Village in Platte County, Missouri, United States

Ridgely is a village in Platte County, Missouri, United States. As of the 2020 census, Ridgely had a population of 95. It lies within the Kansas City metropolitan area.
==History==
A post office called Ridgely was established in 1848, and remained in operation until 1902. The community most likely was so named on account of its lofty elevation.

==Geography==
According to the United States Census Bureau, the village has a total area of 1.44 sqmi, all land.

==Demographics==

Historical population
| Census | Pop. | Note | %± |
| 1860 | 165 |  | — |
| 1870 | 121 |  | −26.7% |
| 1880 | 84 |  | −30.6% |
| 1970 | 53 |  | — |
| 1980 | 78 |  | 47.2% |
| 1990 | 57 |  | −26.9% |
| 2000 | 64 |  | 12.3% |
| 2010 | 104 |  | 62.5% |
| 2020 | 95 |  | −8.7% |
U.S. Decennial Census

===2010 census===
As of the census of 2010, there were 104 people, 38 households, and 31 families living in the village. The population density was 72.2 PD/sqmi. There were 41 housing units at an average density of 28.5 /sqmi. The racial makeup of the village was 100.0% White.
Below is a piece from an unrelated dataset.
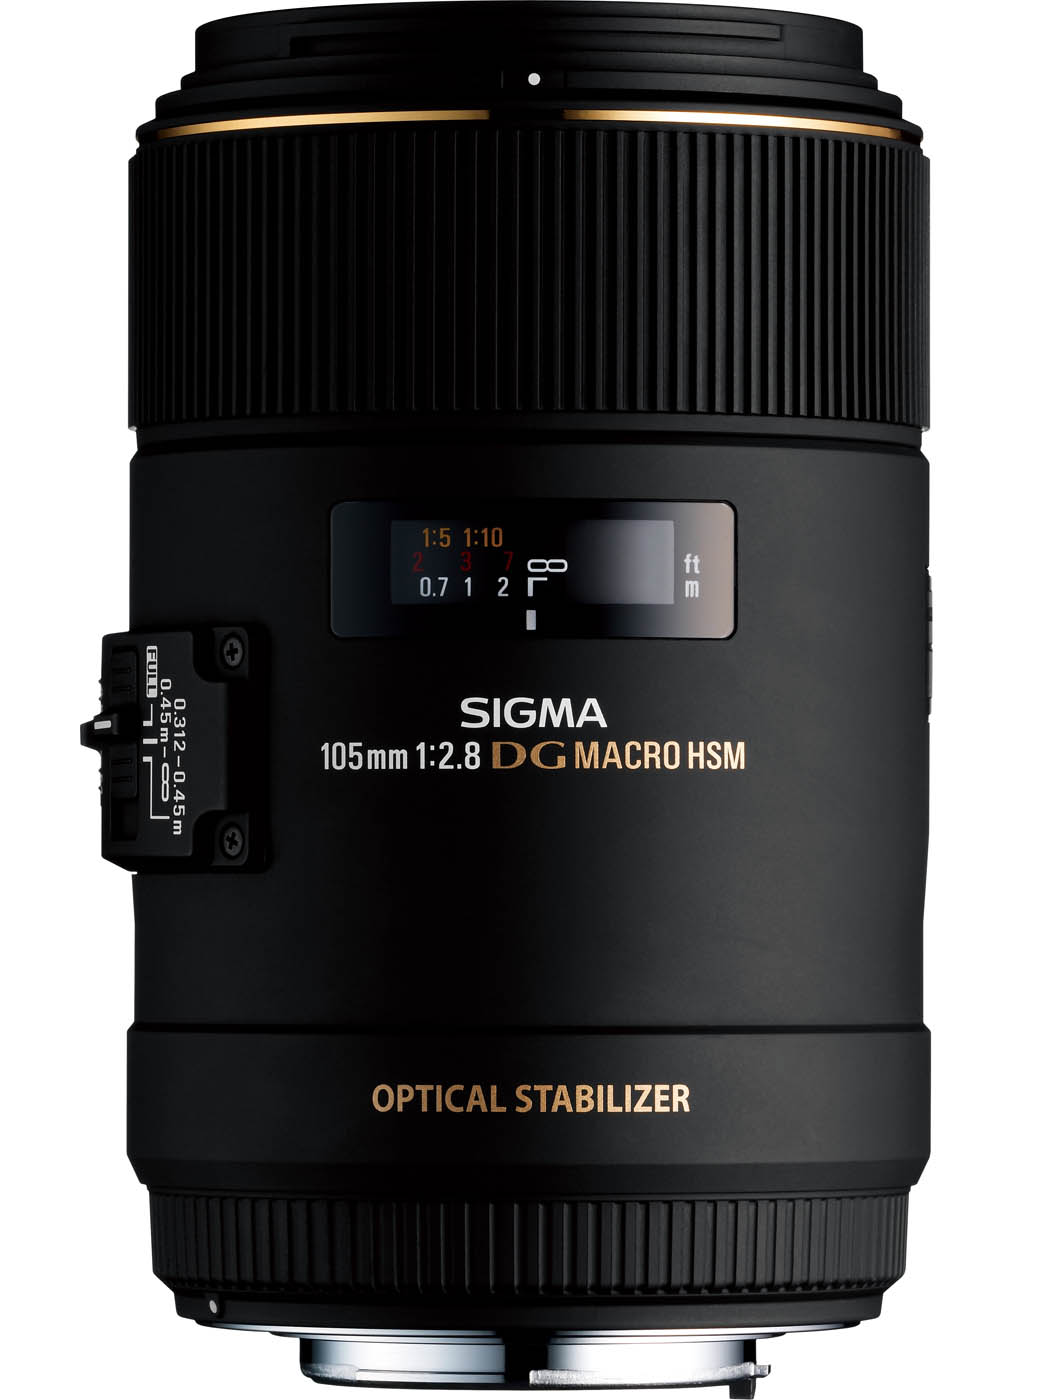 Sigma 105mm macro. Sigma af 105mm f/2.8 macro. Sigma 105mm f2.8 ex DG os HSM macro. Sigma af 105mm f/2.8 ex DG os HSM macro Canon EF. Sigma 105 2.8 macro.

There were 38 households, of which 42.1% had children under the age of 18 living with them, 76.3% were married couples living together, 2.6% had a female householder with no husband present, 2.6% had a male householder with no wife present, and 18.4% were non-families. 15.8% of all households were made up of individuals, and 2.6% had someone living alone who was 65 years of age or older. The average household size was 2.74 and the average family size was 3.00.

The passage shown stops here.